Grevillea williamsonii

Scientific classification
- Kingdom: Plantae
- Clade: Tracheophytes
- Clade: Angiosperms
- Clade: Eudicots
- Order: Proteales
- Family: Proteaceae
- Genus: Grevillea
- Species: G. williamsonii
- Binomial name: Grevillea williamsonii F.Muell.

= Grevillea williamsonii =

- Genus: Grevillea
- Species: williamsonii
- Authority: F.Muell.

Species of shrub endemic to Victoria, Australia

Grevillea williamsonii, also known as Williamson's Grevillea, is a shrub which is endemic to a restricted area in the Grampians Ranges in western Victoria. It was first described from a single plant in 1893, which was destroyed by bushfire four years later. It was then feared extinct and went unrecorded until 1992, where 12 plants were found. The taxonomic validity of this grevillea has been disputed, and many sources treat it as synonymous with G. aquifolium.
==Description==
Grevillea williamsoni is a spreading shrub that grows 0.6–1 m tall. Leaves are elliptic to narrow, 1.5–4.0 cm long, 3–8 mm wide, entire or (occasionally on adults, commonly on juveniles) with 2–4 spreading triangular teeth; margins shortly and angularly refracted; lower surface subsericeous to subvillous with straight hairs.
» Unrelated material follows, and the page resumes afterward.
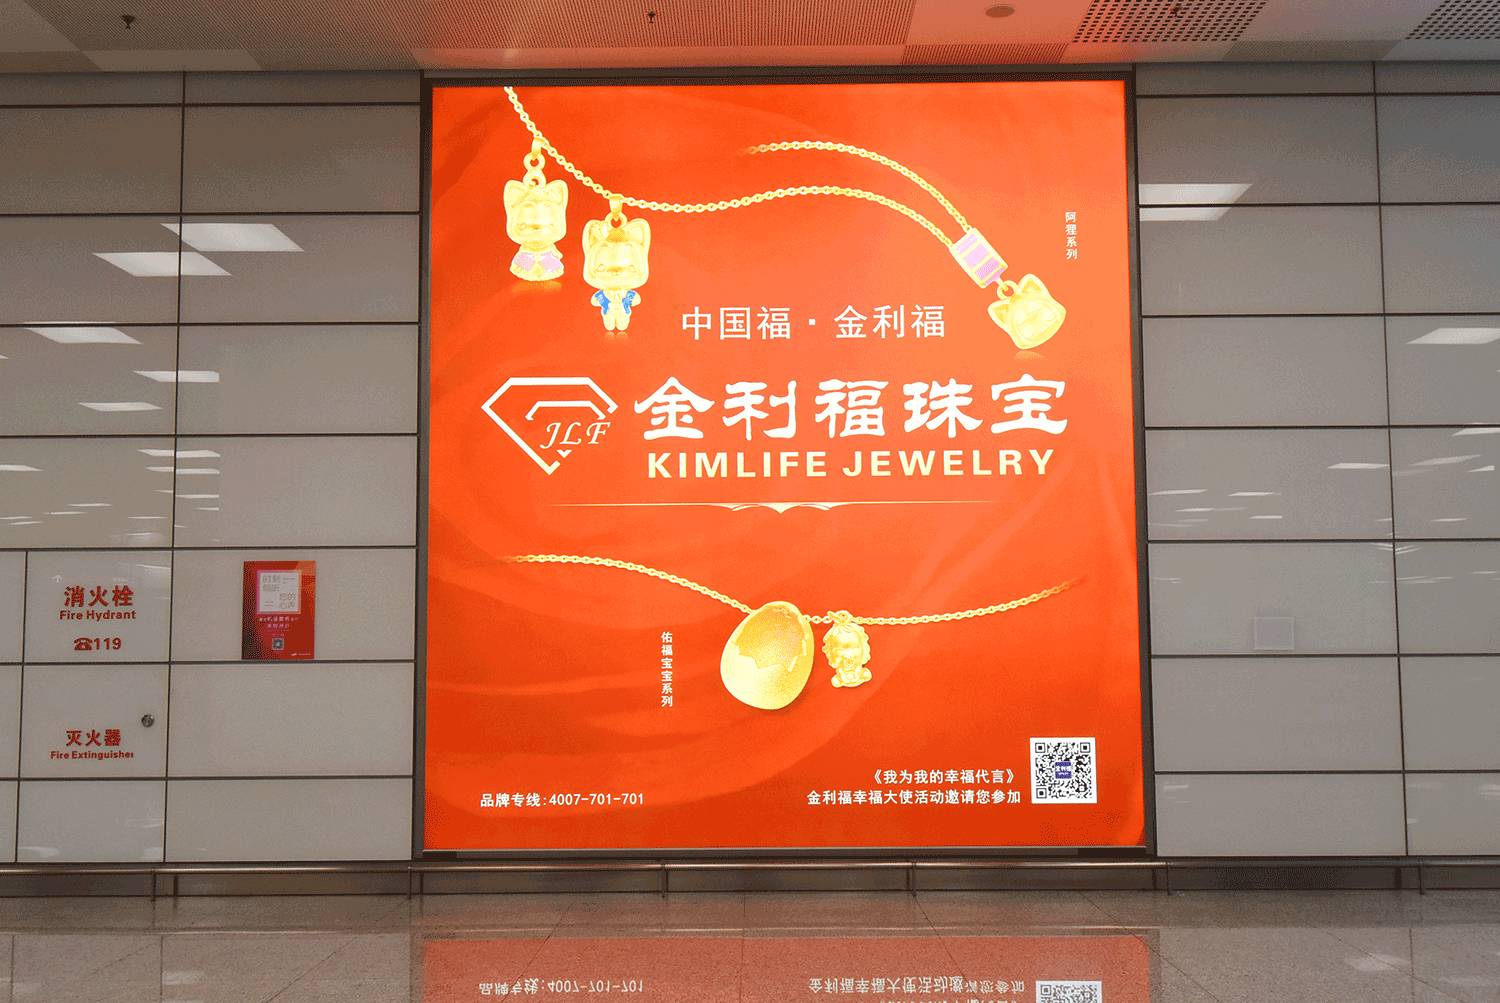 金利福品牌再升级!首波户外广告强势登陆郑州新郑国际机场

The perianth is lime-green becoming yellowish; style pale orange yellow becoming pale pink at about anthesis then darker reddish pink. Flowering occurs August–October.

==Taxonomy==
Grevillea williamsonii was first described in 1893. It is named after its discoverer, H.B. Williamson.

Many sources, including the National Herbarium of Victoria and the Australian Plant Census treat G. williamsonii as synononymous with G. aquifolium, with recent studies suggesting it is a sterile variant.

==Distribution and habitat==
The species is known only from a single area in the Grampians Ranges in western Victoria.